En attendant la COP22, qui se tiendra à Marrakech en novembre prochain, les politiques de réductions de gaz à effet de serre promises lors de la COP21 doivent entrer en œuvre. Si, sur le papier, la marche à suivre est claire, la lutte concrète contre le réchauffement climatique connait parfois des retards catastrophiques, comme dans la région du lac Tchad. Idriss Déby, le président tchadien, avait réclamé en décembre dernier à Paris l’attention de la communauté internationale sur le sujet.

Le réchauffement climatique est en marche et sa trajectoire paraît inarrêtable lorsque l'on se penche sur le cas du lac Tchad. Niché à la frontière du Tchad, du Cameroun, du Nigeria et du Niger, ce lac ou plutôt ce bassin de vie est en voie de dépérissement depuis soixante ans. Sa surface diminue chaque année à un rythme si élevé que le lac ne fait plus que 10 % de sa surface d'origine. Catastrophe environnementale d'une rare ampleur, la situation du lac Tchad est sur les lèvres des leaders internationaux à chaque conférence sur le climat, mais peu a déjà été fait pour enrayer ce phénomène.

Idriss Déby, la voix de la COP21 pour le lac Tchad

Présentée comme le Sommet de la dernière chance, la COP21 s'est finalement achevée sur un consensus heureux. Les Etats se sont engagés à contenir « l'élévation de la température moyenne de la planète nettement au-dessous de 2 °C » afin d'éviter le pire prévu par l'immense majorité de la communauté scientifique. Le texte, lorsqu'il sera ratifié par chacun des Etats, entrera en vigueur en 2020. Les quatre années qui nous séparent de cette date sont à marquer du sceau de la mobilisation car la crise est bien avancée sur certains points du globe. Le lac Tchad connaît actuellement un destin similaire à la mer d'Aral et seuls de lourds investissements peuvent sauver un lac qui fait vivre 50 millions de personnes.

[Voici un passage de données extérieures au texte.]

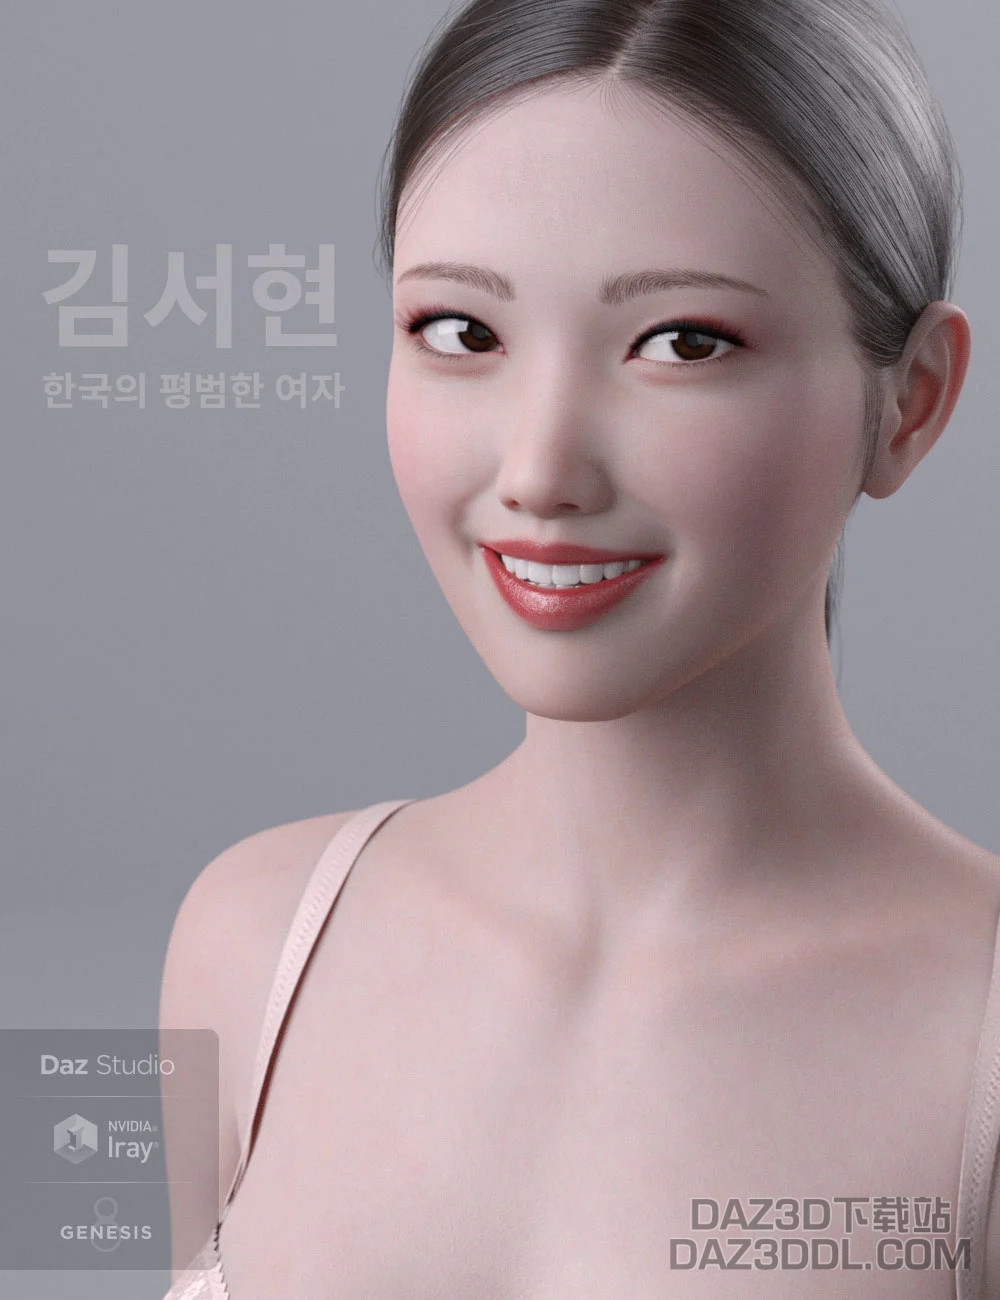 kim-seohyun-for-genesis-8-female-00-main-daz3d.webp.jpg

Lors de la COP21, Idriss Déby, président du Tchad, a rappelé qu'une solution technique existe pour redonner au lac assez d'eau pour le préserver de la désertification. Il faudrait pour cela détourner les eaux du fleuve Oubangui vers le lac. Une prouesse technique dont le coût est aujourd'hui une barrière jugée infranchissable : près de 4 000 milliards de FCFA. Une montagne qui malgré la bonne volonté des quatre Etats frontaliers (regroupés au sein de la Commission du bassin du lac Tchad) ne peut être franchie. Un soutien extérieur est nécessaire comme cela est prévu dans l'Accord de Paris, car ces pays sont confrontés à d'autres problèmes très sensibles et coûteux comme le terrorisme islamiste de Boko Haram.

Pour convaincre son auditoire, le président Déby a insisté sur les chiffres. « Si on a peur des chiffres aujourd'hui (...) le bassin du fleuve Congo, qui est l'un des poumons de l'humanité, va être envahi par les Sahéliens ». Et ces Sahéliens sont au nombre de 50 millions. Ou comment une catastrophe écologique se transforme en une catastrophe humaine et économique. Les investissements à faire sont certes impressionnants, mais semblent raisonnables au regard des futures dépenses dans le cas probable (si rien est fait) d'un dessèchement complet du lac. « La communauté internationale ne doit pas avoir peur des chiffres » conclut Idriss Déby.

« Appropriation des énergies renouvelables »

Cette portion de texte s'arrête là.